__WHAT TO DO__.
Please retype the listing below exactly as it stands, skipping any pictures.

__DATA SEGMENT__.

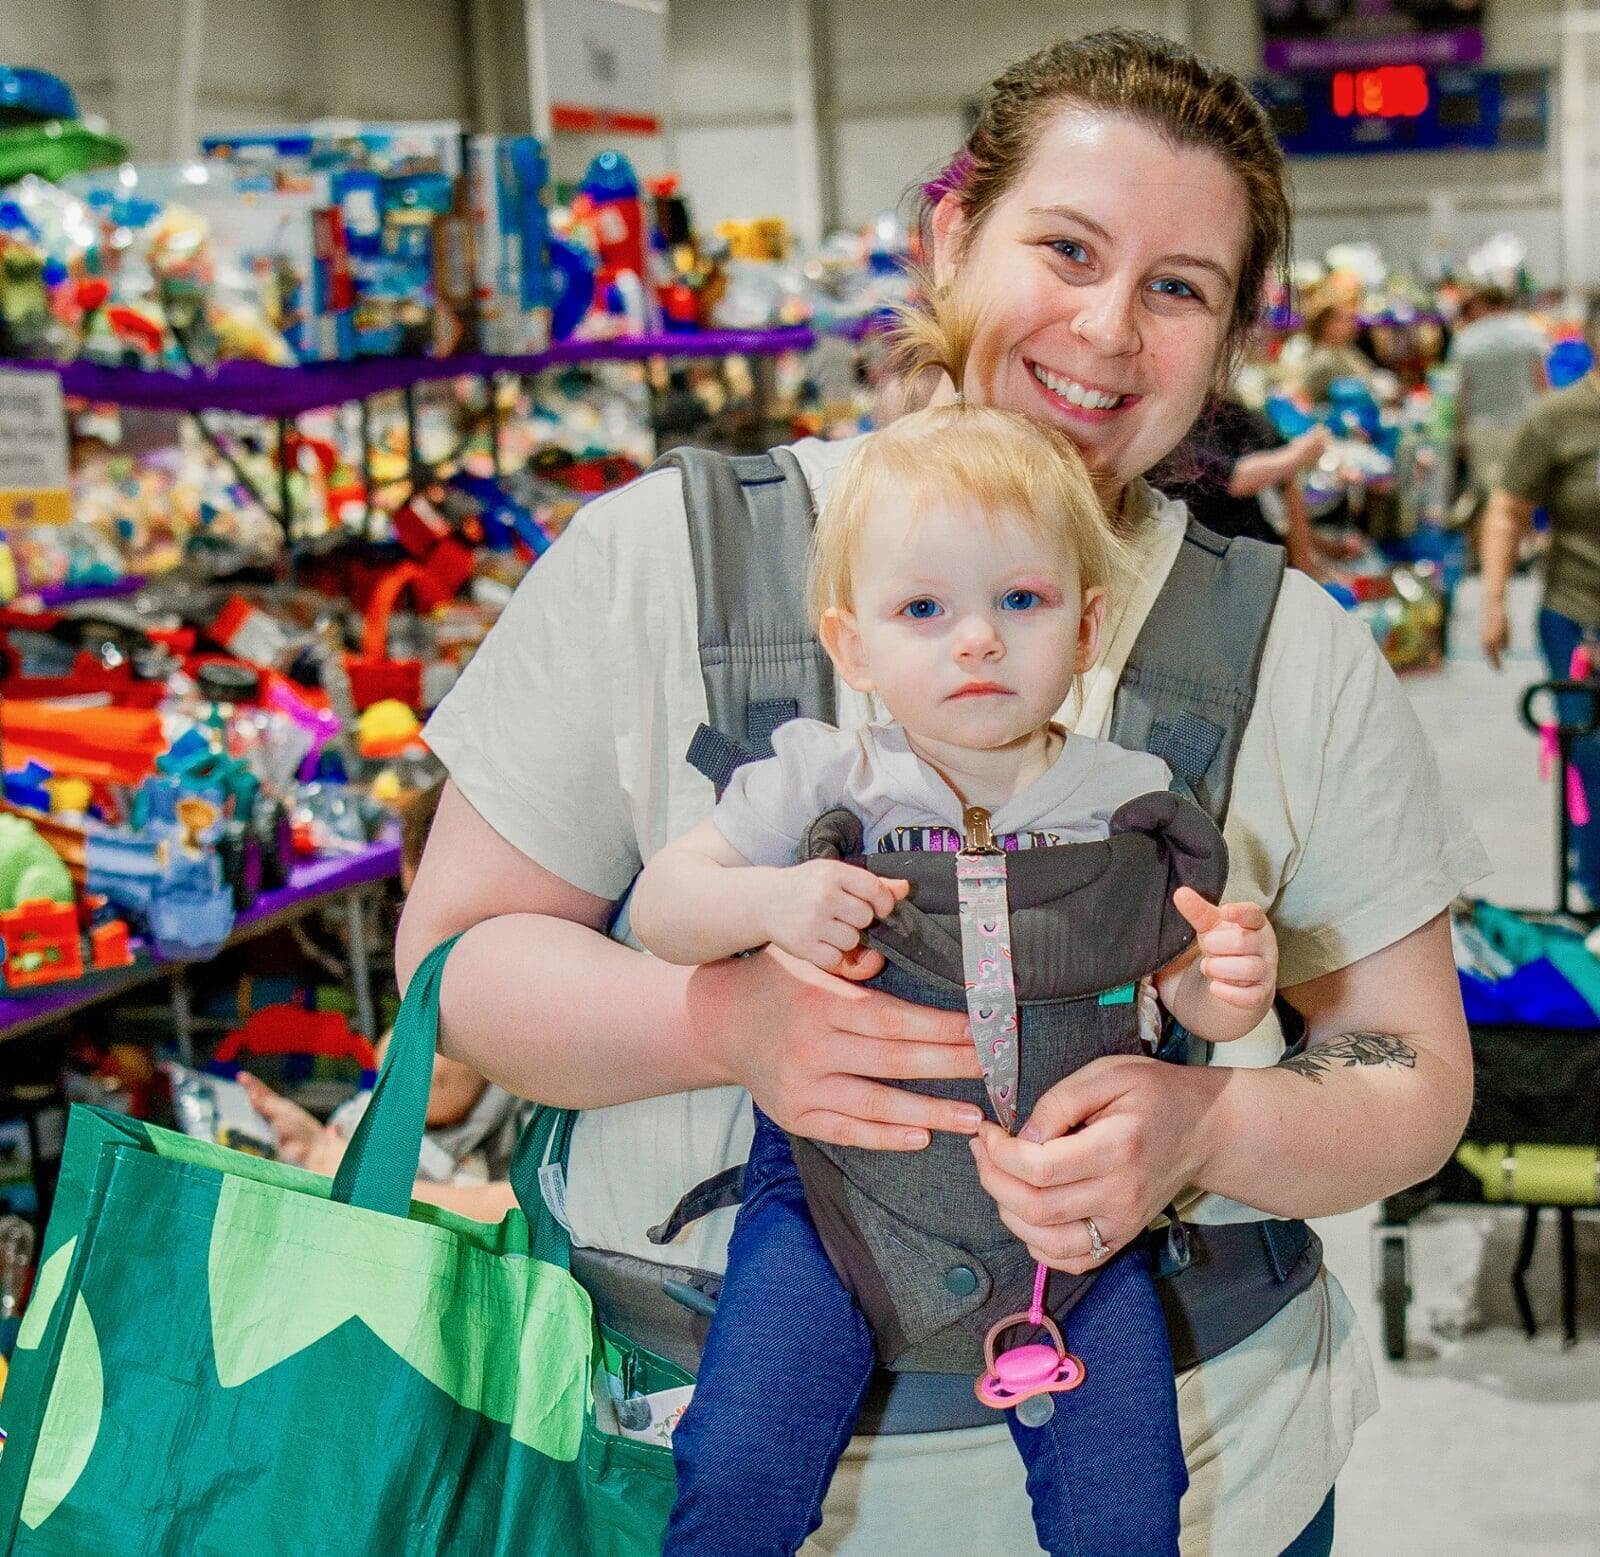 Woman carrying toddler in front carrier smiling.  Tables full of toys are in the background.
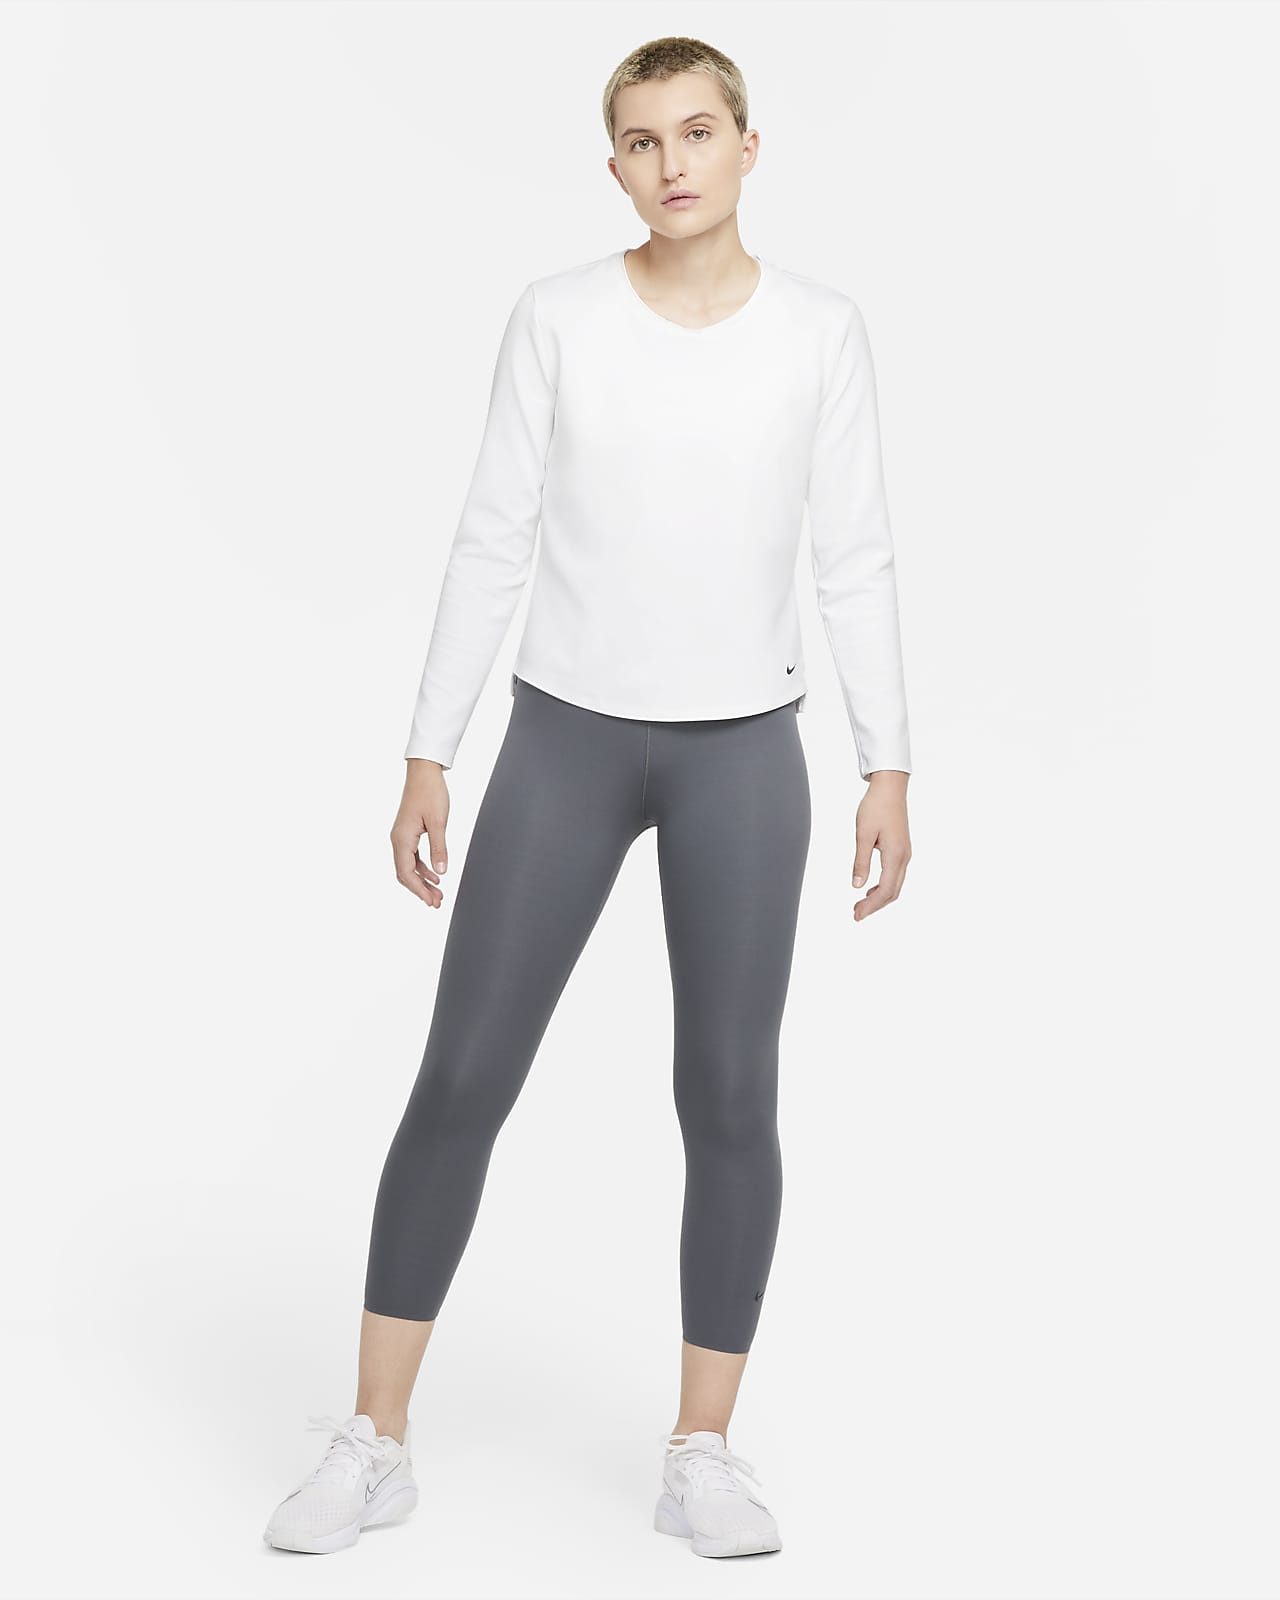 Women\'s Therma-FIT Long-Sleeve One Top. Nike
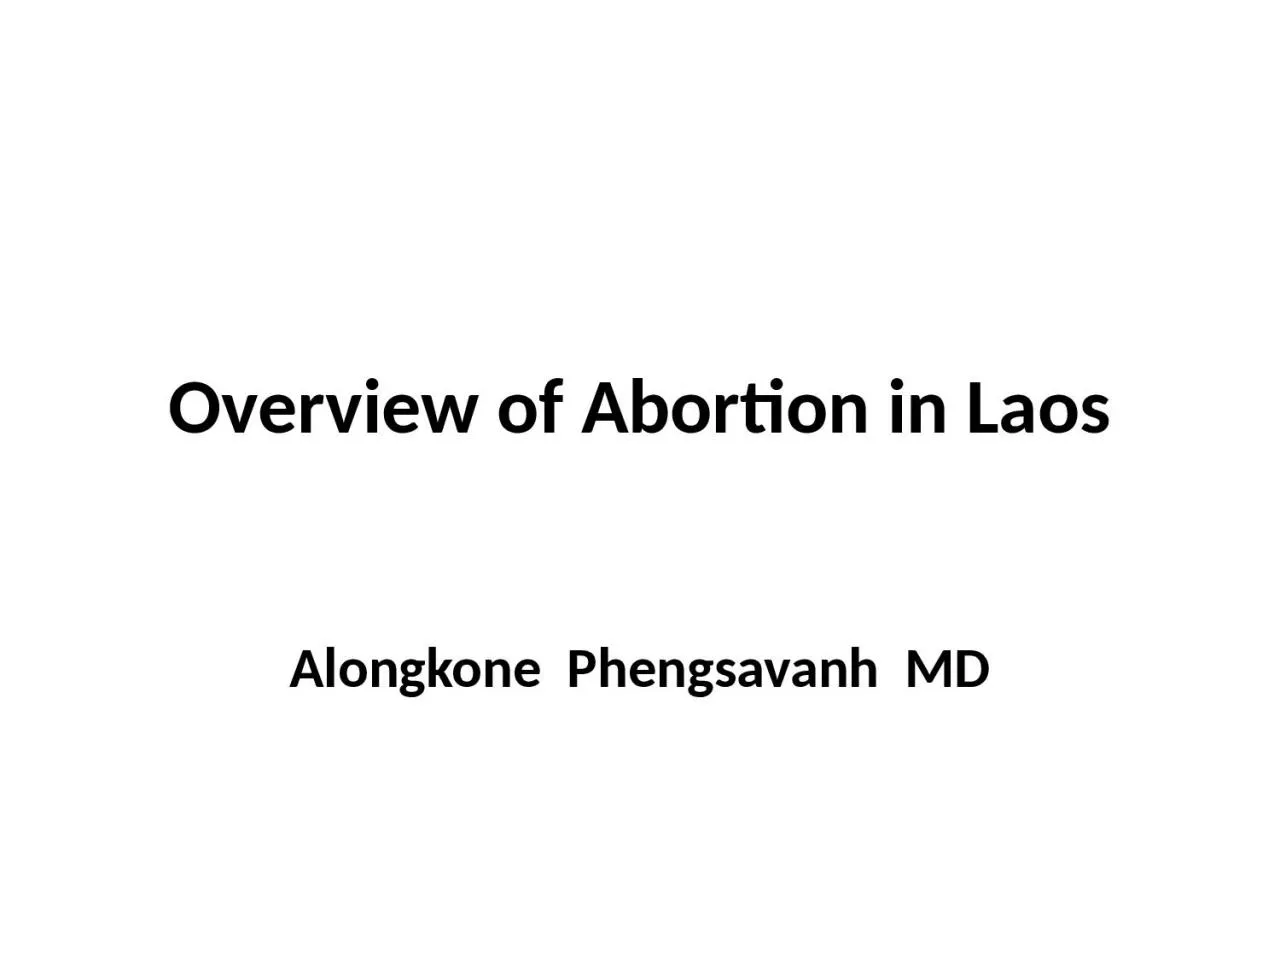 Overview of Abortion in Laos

__SOLUTION TO THIS EXERCISE__.
 Woman carrying toddler in front carrier smiling.  Tables full of toys are in the background.
 Women\'s Therma-FIT Long-Sleeve One Top. Nike
 Overview of Abortion in Laos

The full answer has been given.